Output the data below exactly, without images.

**GIVEN MATERIAL:**

--------

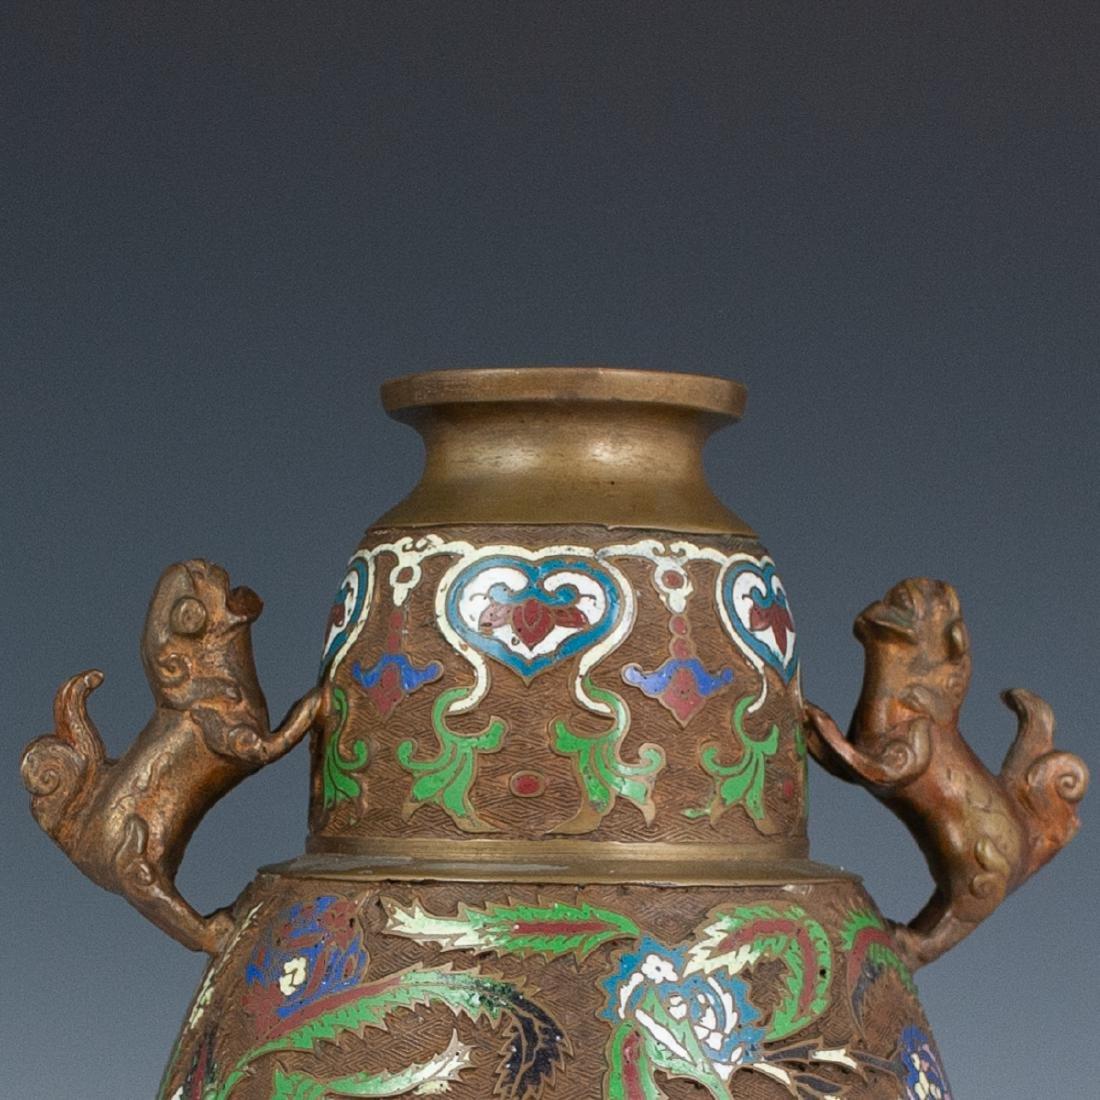 Japanese Enameled Cloisonne Bronze Vase - 2
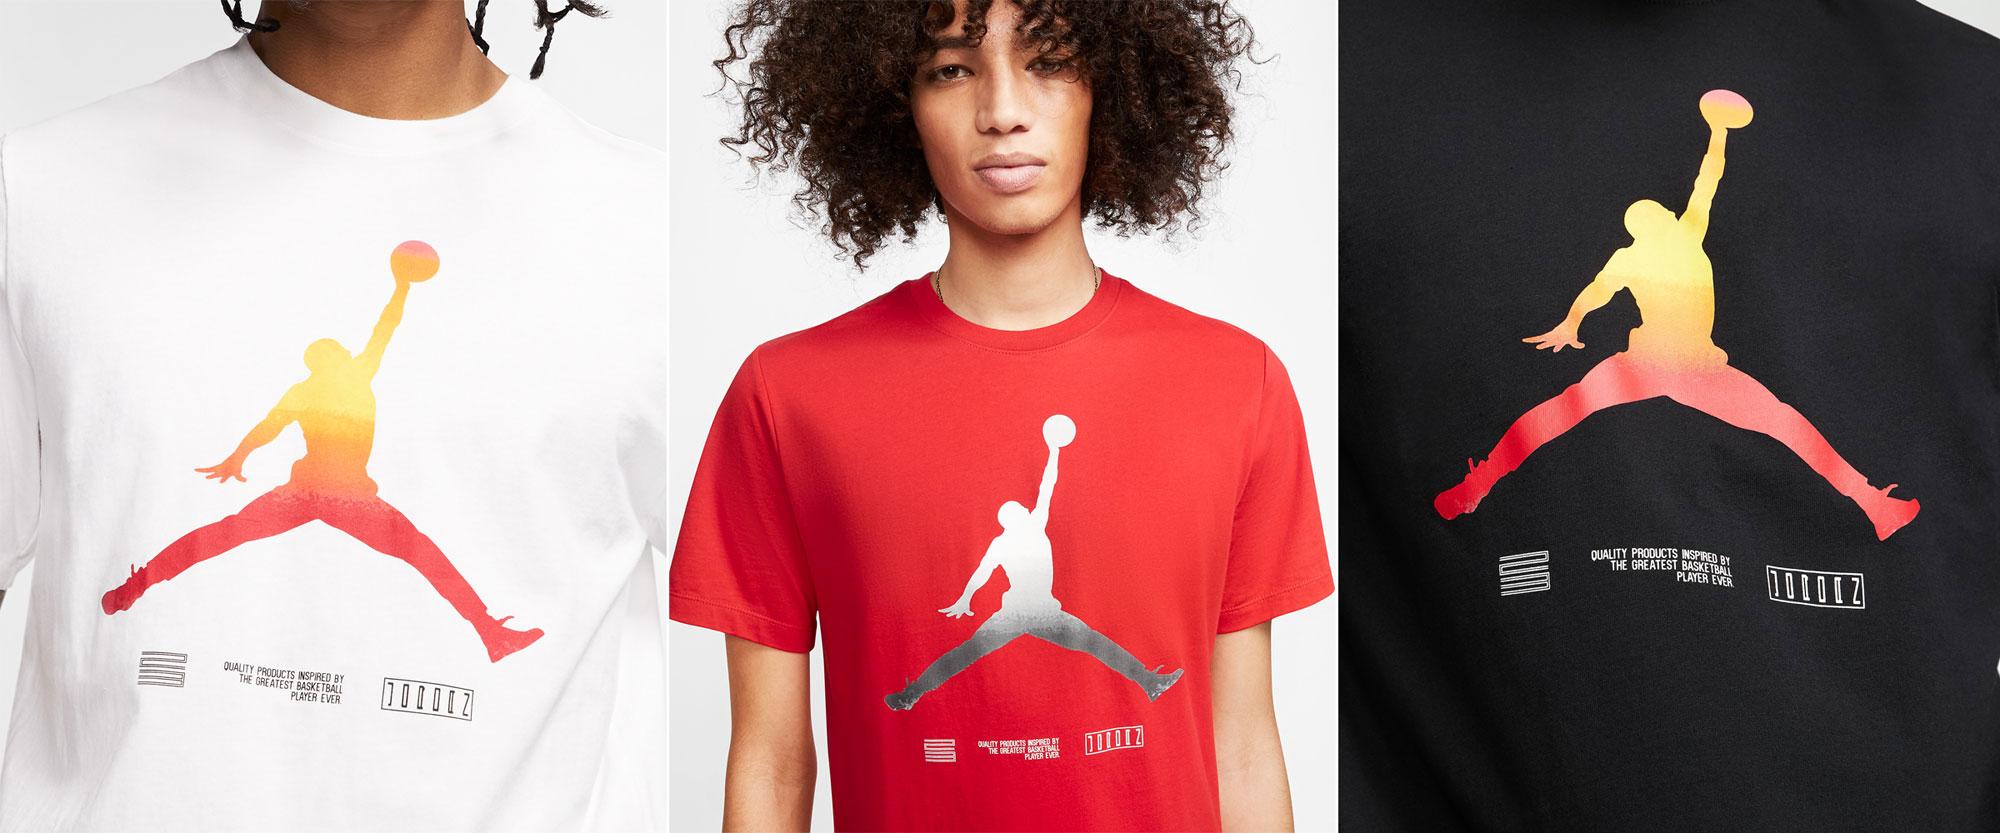 Air Jordan 11 Low White Bred Concord Shirt Sneakerfits Com
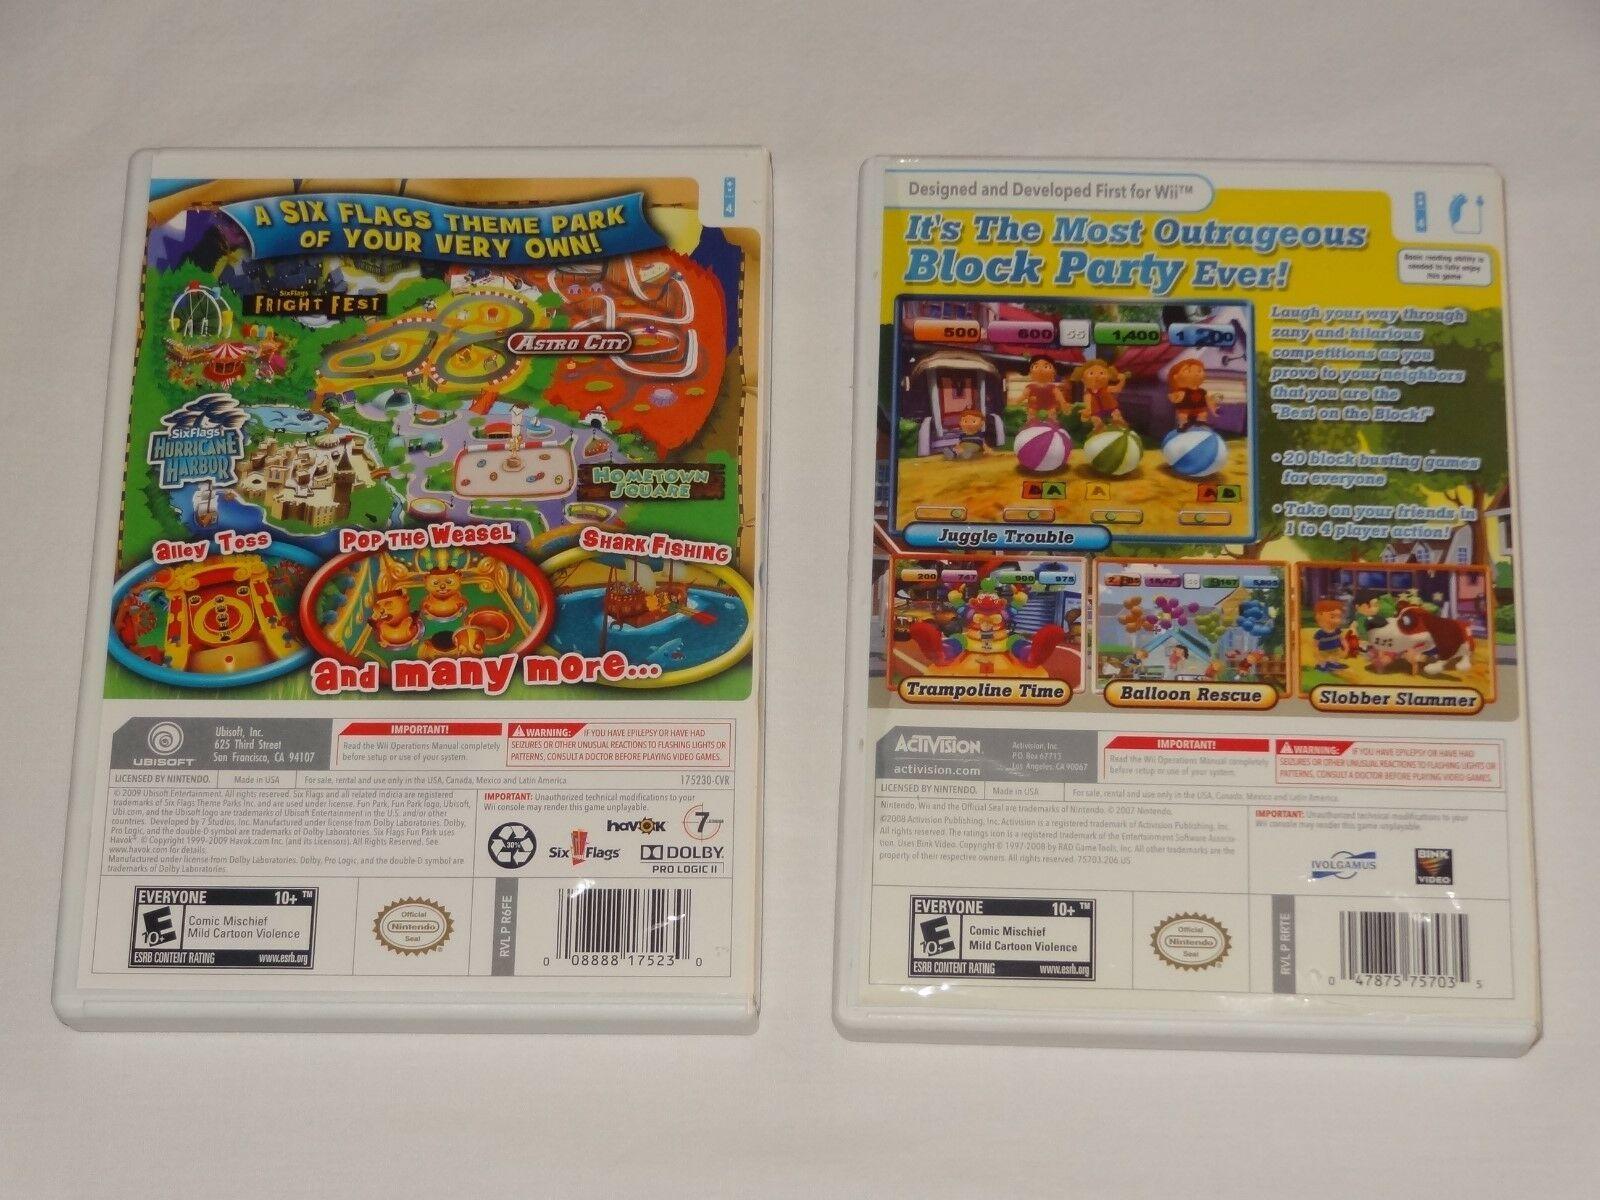 Six Flags Fun Park - Nintendo Wii UBI Soft + Block Party 20 Games Activision image 3
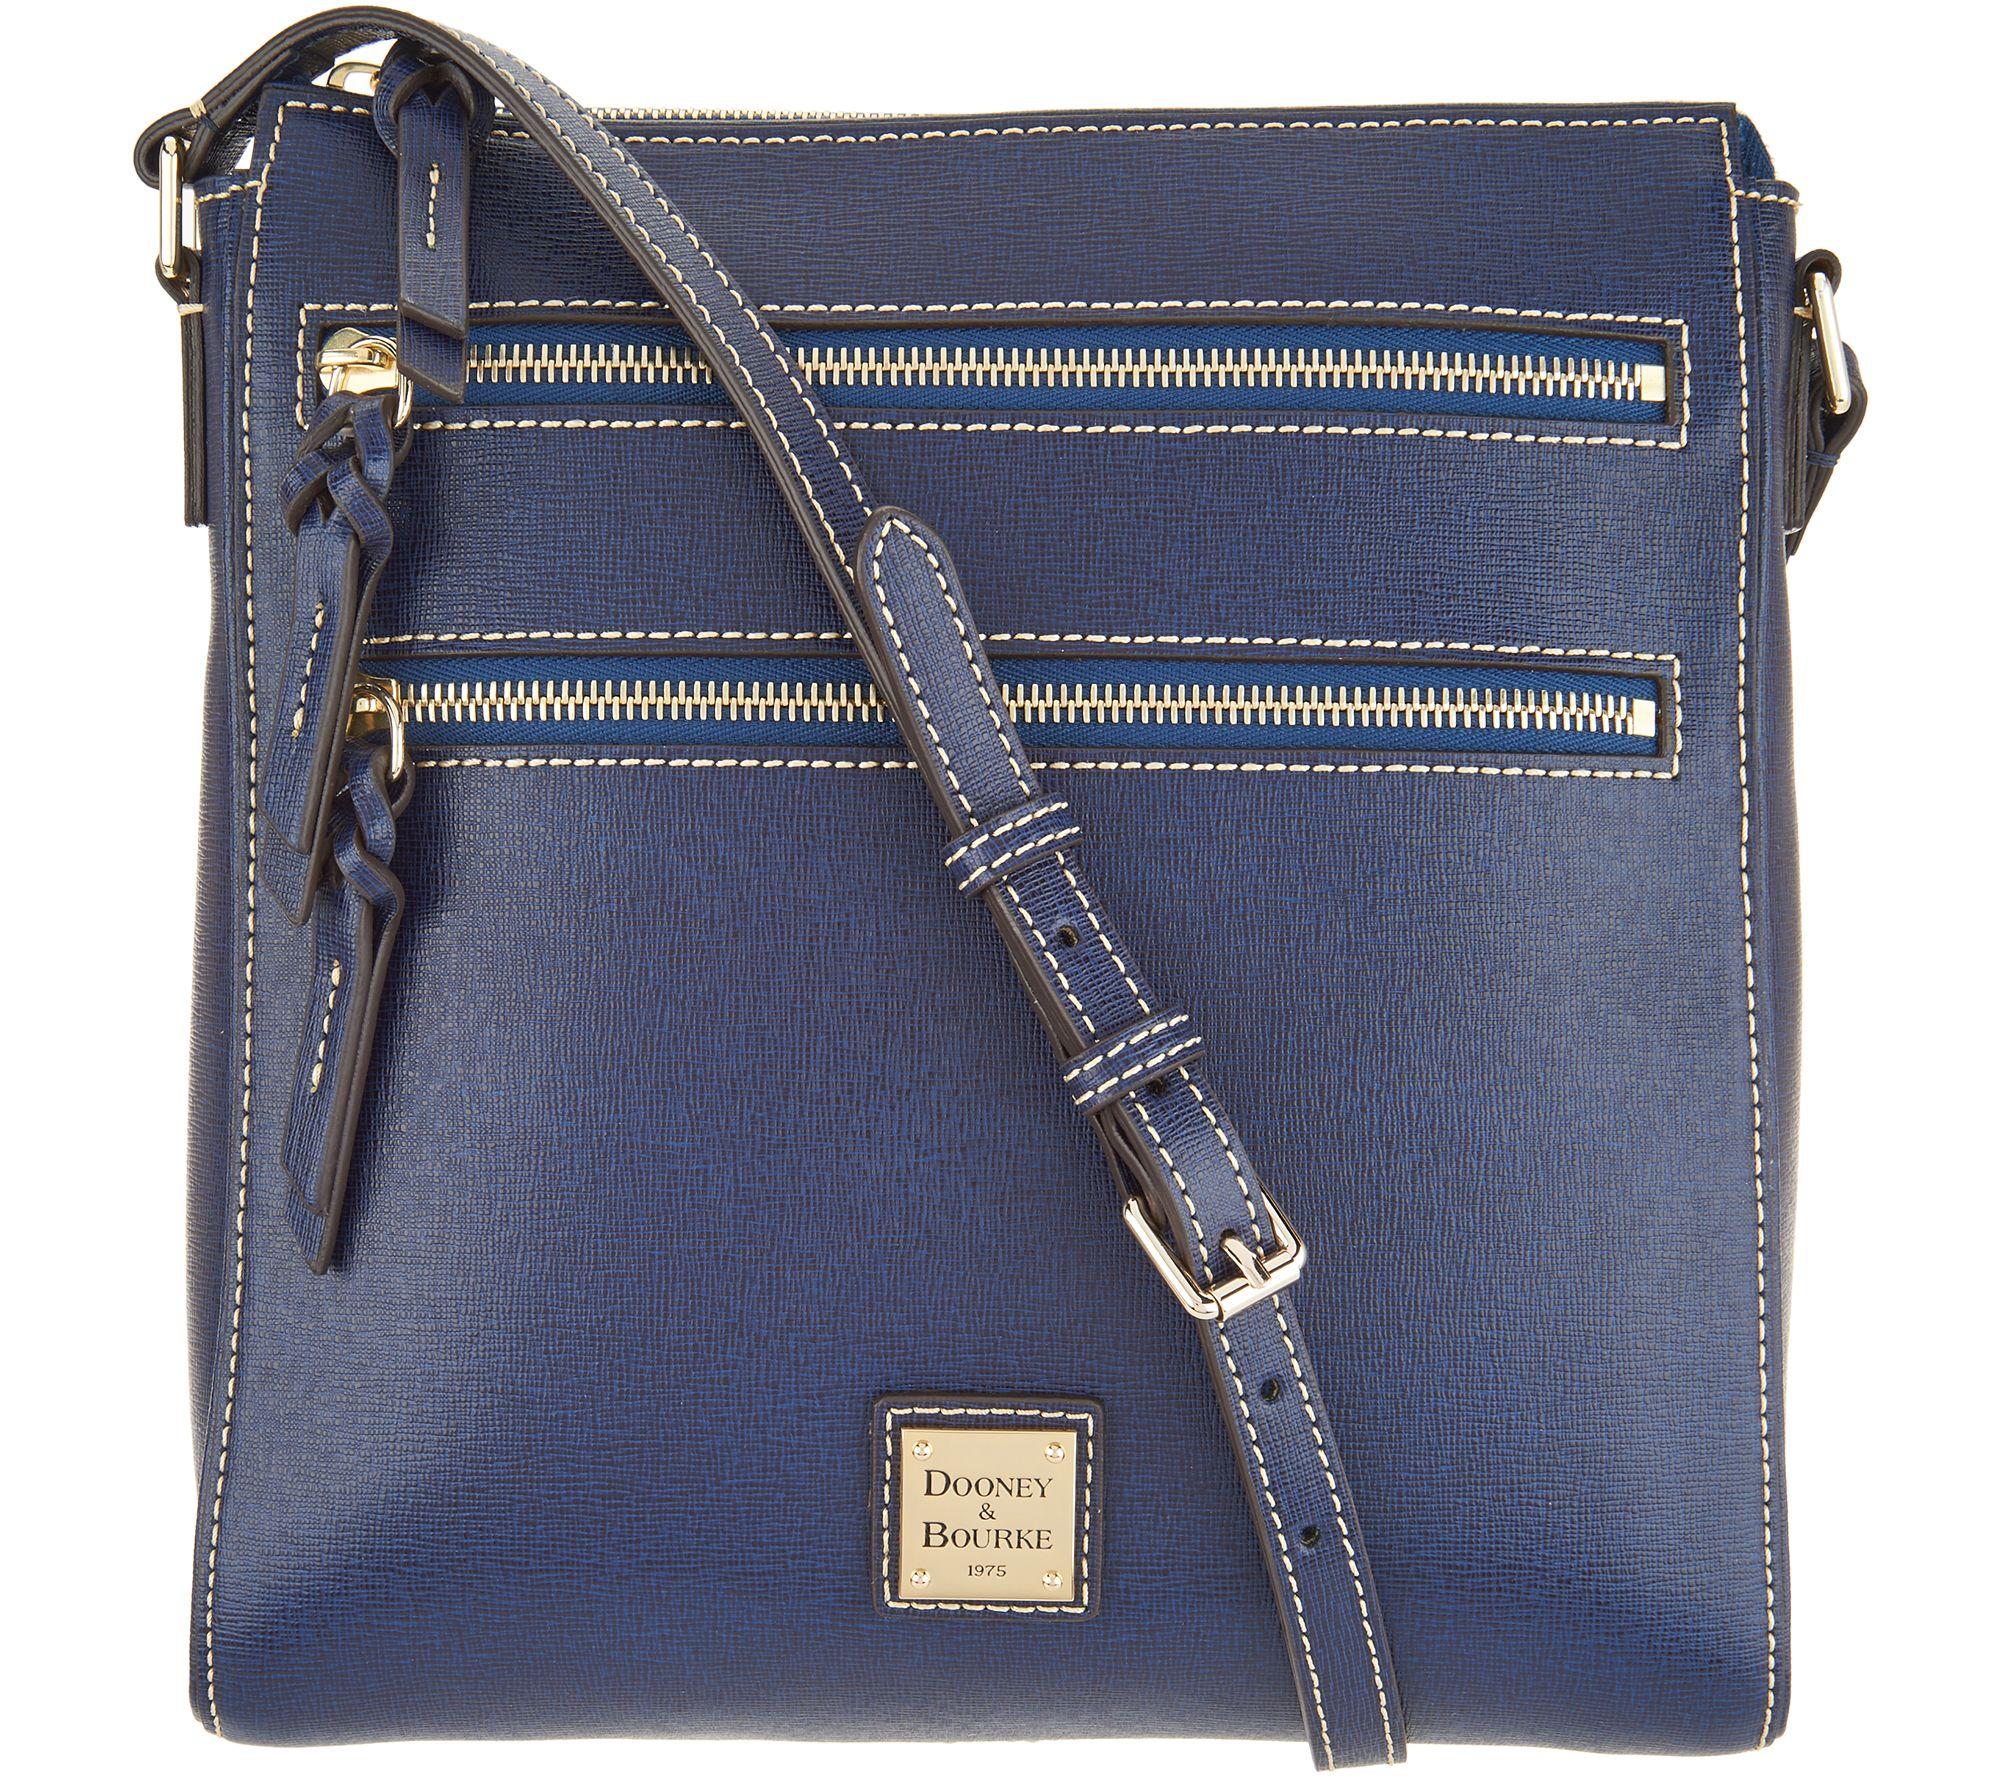 333fa50b5c Dooney   Bourke Saffiano Leather Triple Zip Crossbody Handbag - Page 1 —  QVC.com

--------

**TASK RESULT:**
 Japanese Enameled Cloisonne Bronze Vase - 2
 Air Jordan 11 Low White Bred Concord Shirt Sneakerfits Com
 Six Flags Fun Park - Nintendo Wii UBI Soft + Block Party 20 Games Activision image 3
 333fa50b5c Dooney   Bourke Saffiano Leather Triple Zip Crossbody Handbag - Page 1 —  QVC.com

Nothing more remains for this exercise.